**What you are asked to do:**
Start the copy at the line containing "- rozmiary: 62-92**" and run it through the last line of the records. Repeat each line exactly; omit pictures.

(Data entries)
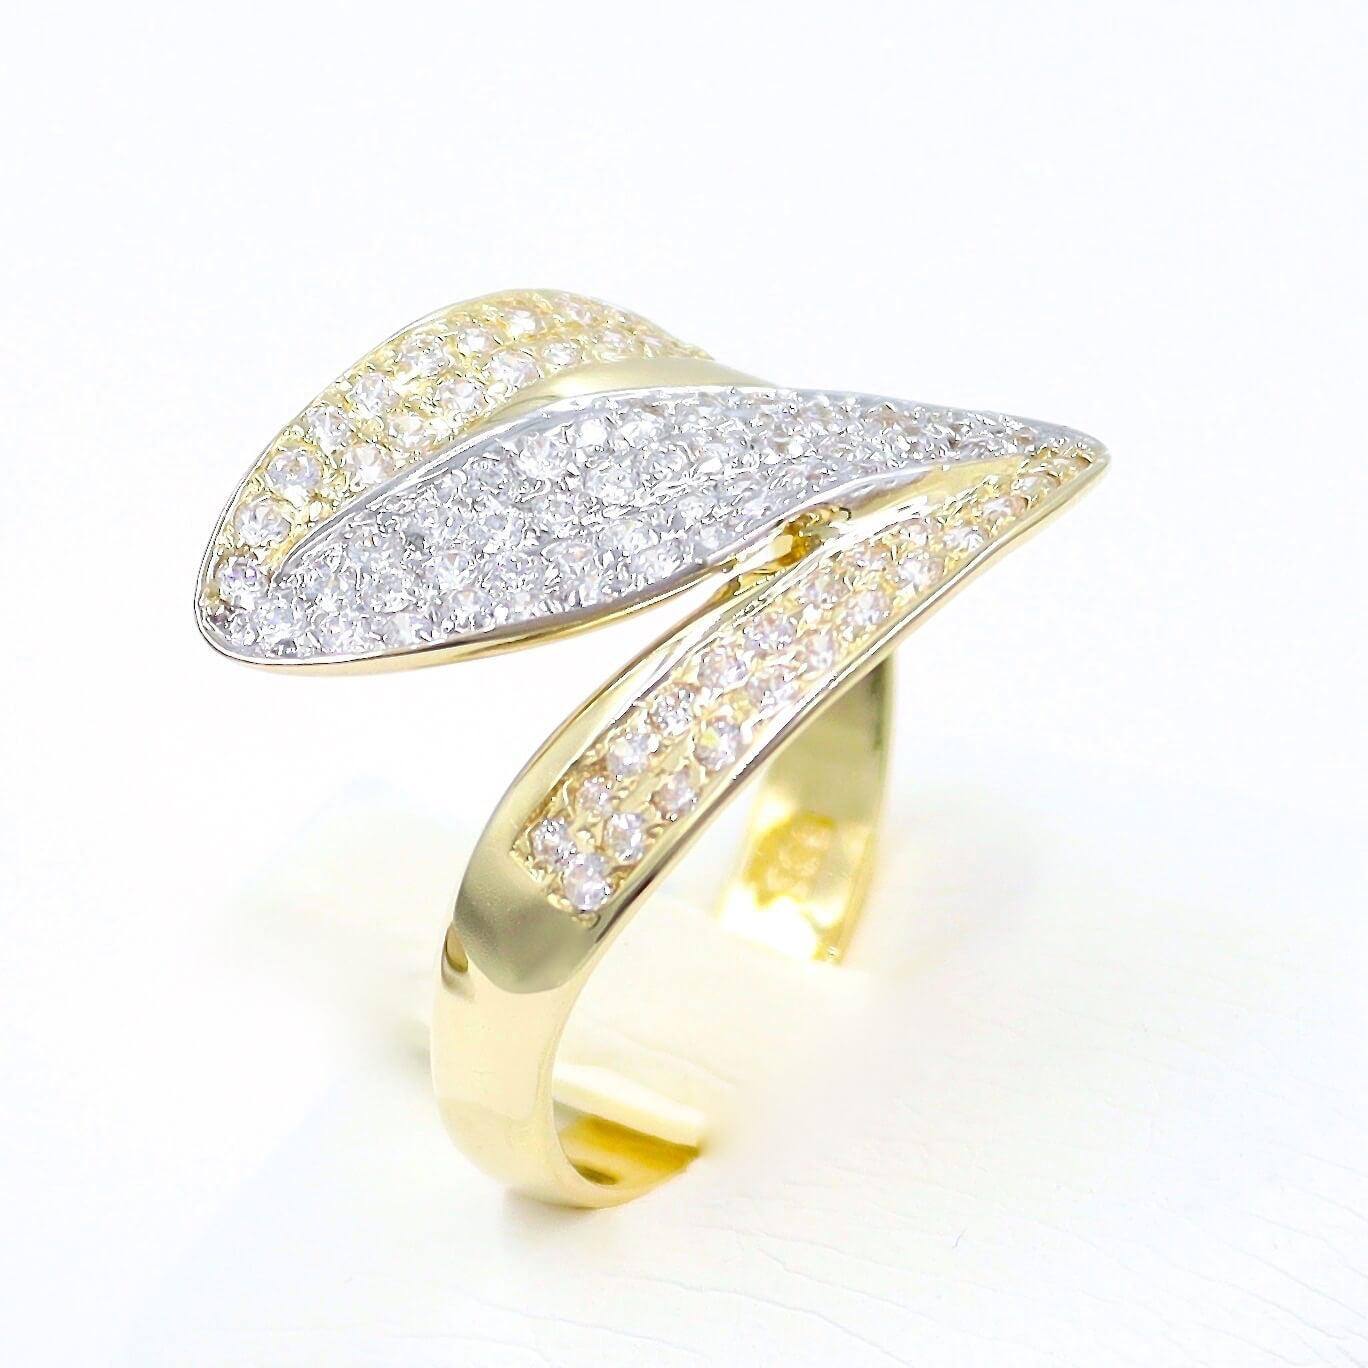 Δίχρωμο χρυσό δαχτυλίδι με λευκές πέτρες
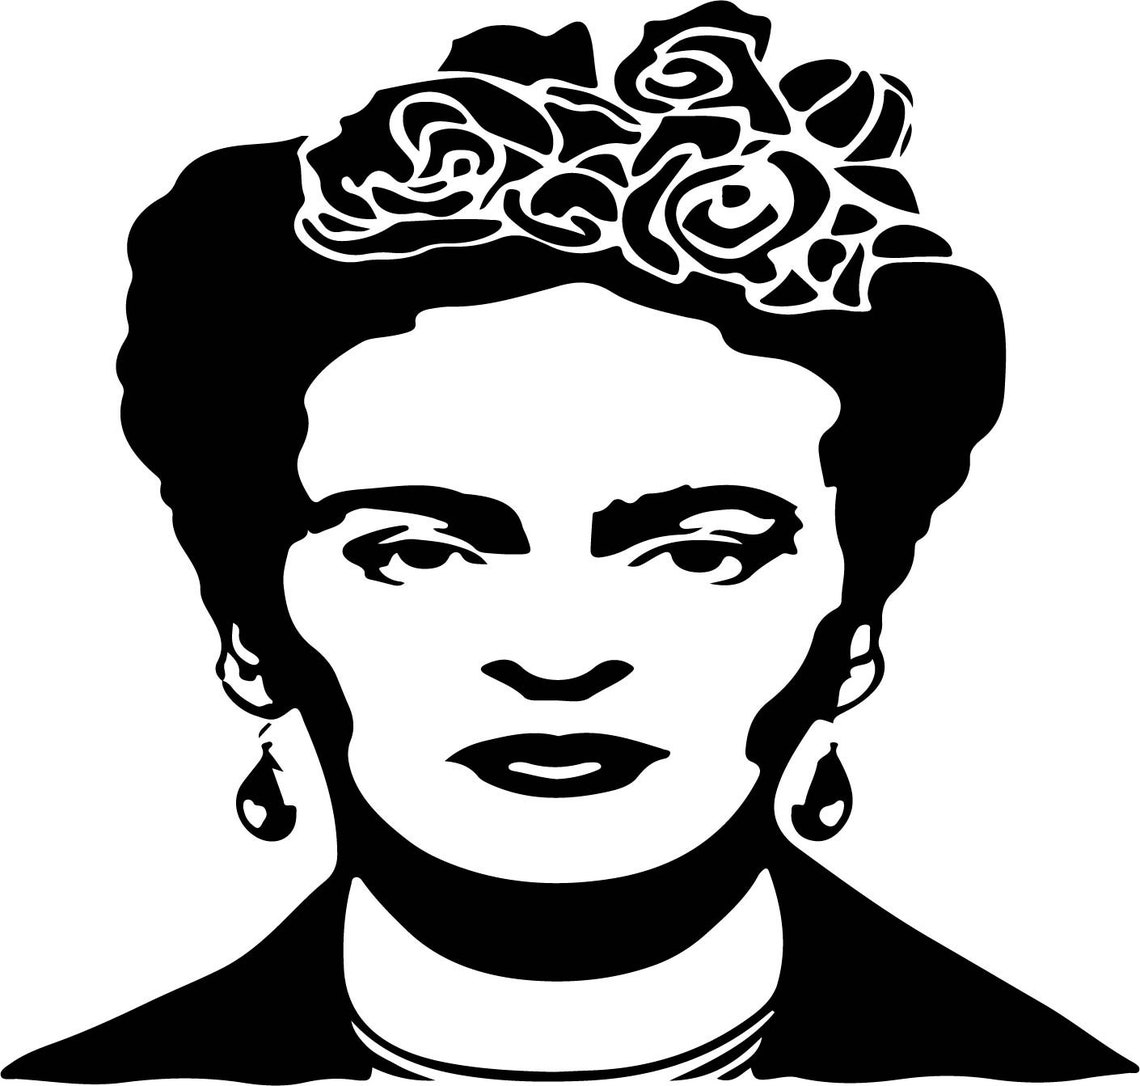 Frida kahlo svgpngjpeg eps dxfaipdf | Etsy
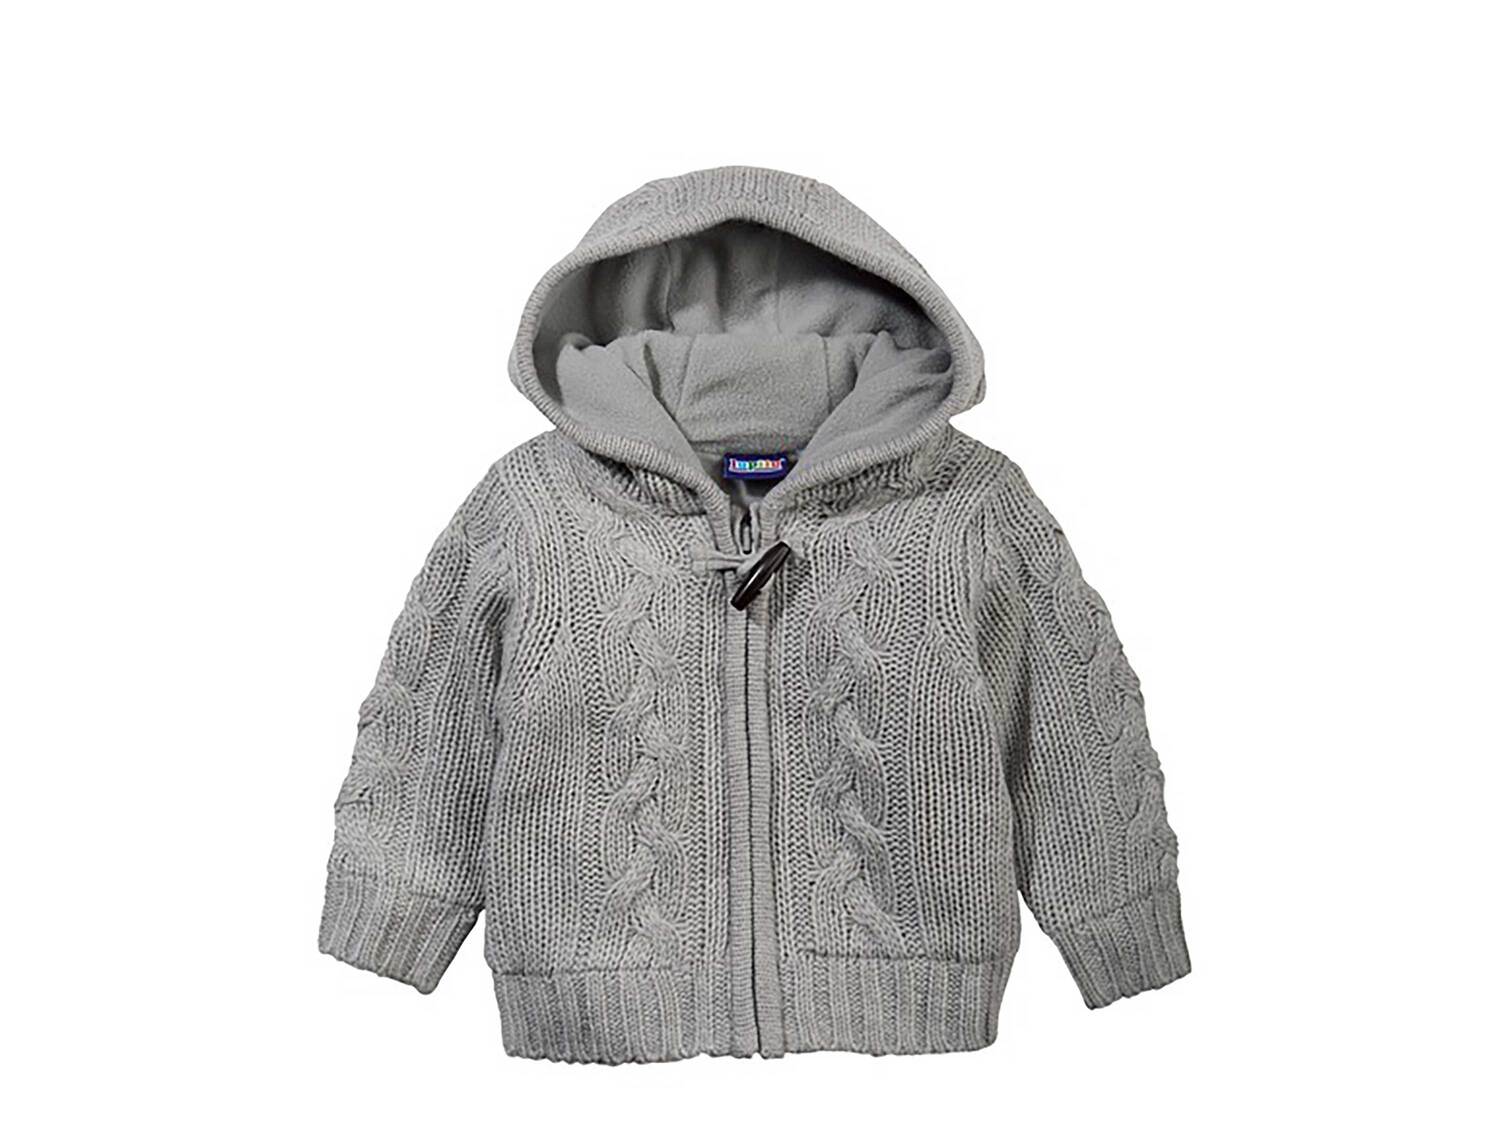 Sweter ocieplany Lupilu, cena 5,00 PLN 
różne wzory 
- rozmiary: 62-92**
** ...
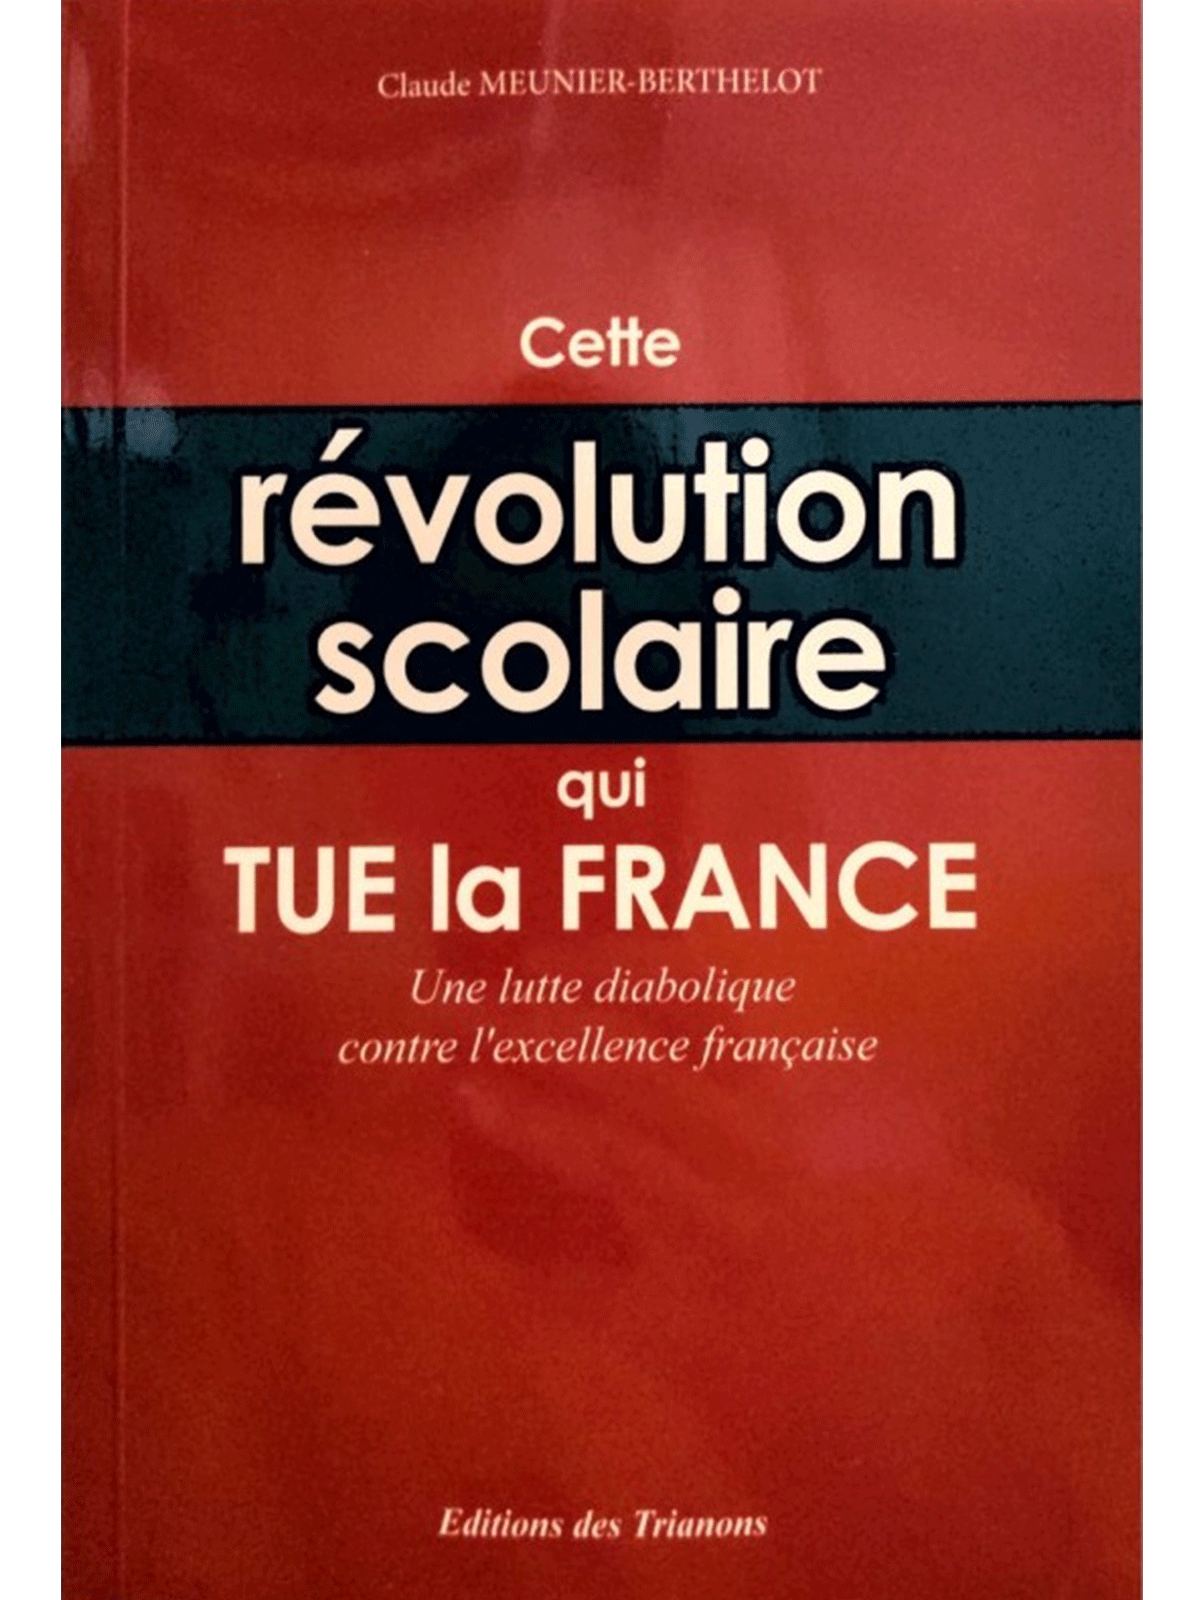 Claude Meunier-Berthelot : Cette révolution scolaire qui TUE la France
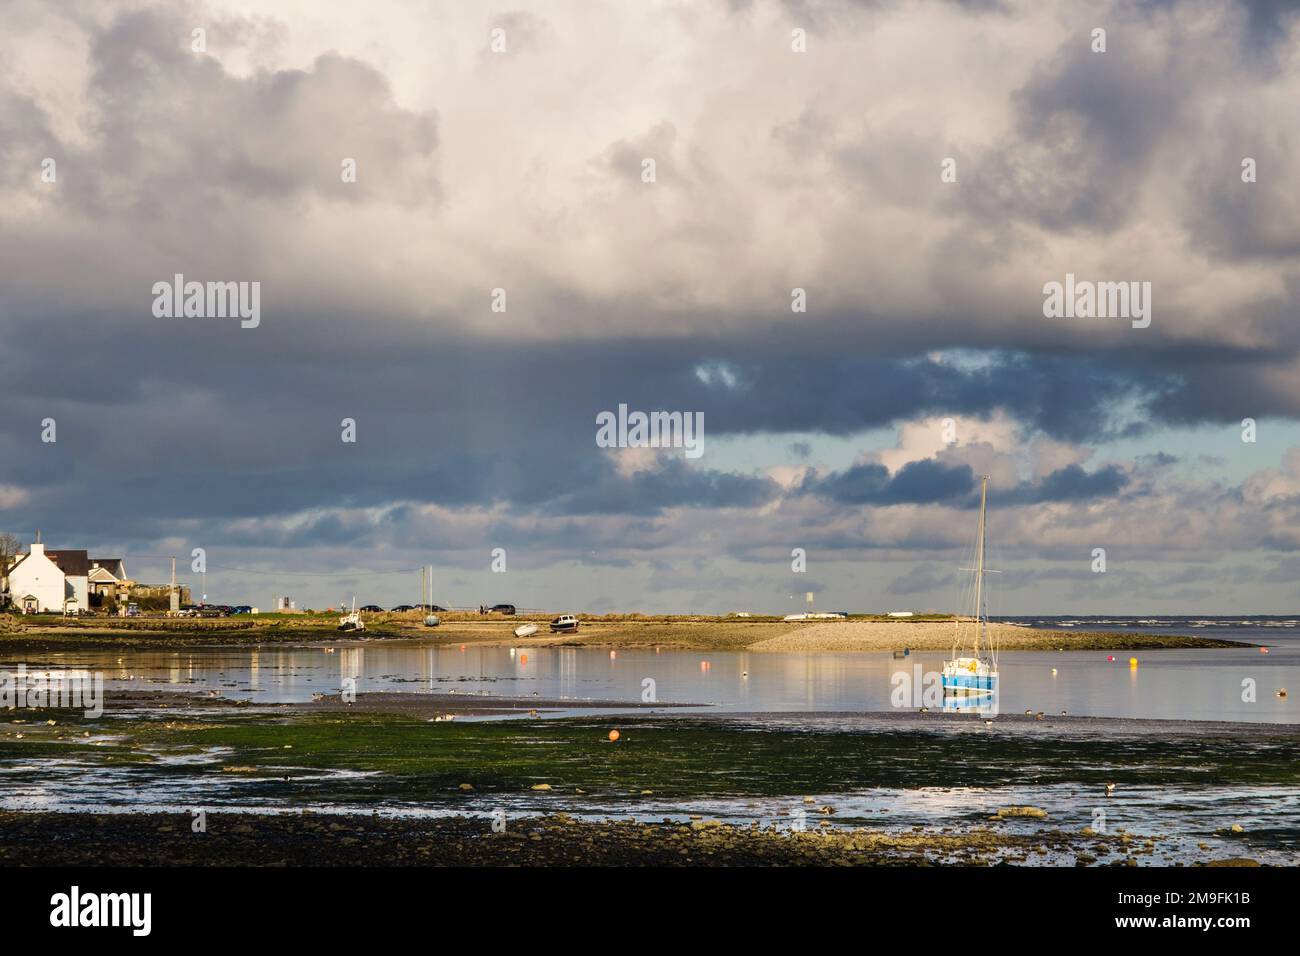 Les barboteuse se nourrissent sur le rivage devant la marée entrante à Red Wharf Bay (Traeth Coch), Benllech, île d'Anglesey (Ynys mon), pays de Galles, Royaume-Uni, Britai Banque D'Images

**Reply to the task:**
- rozmiary: 62-92**
** ...
 Claude Meunier-Berthelot : Cette révolution scolaire qui TUE la France
 Les barboteuse se nourrissent sur le rivage devant la marée entrante à Red Wharf Bay (Traeth Coch), Benllech, île d'Anglesey (Ynys mon), pays de Galles, Royaume-Uni, Britai Banque D'Images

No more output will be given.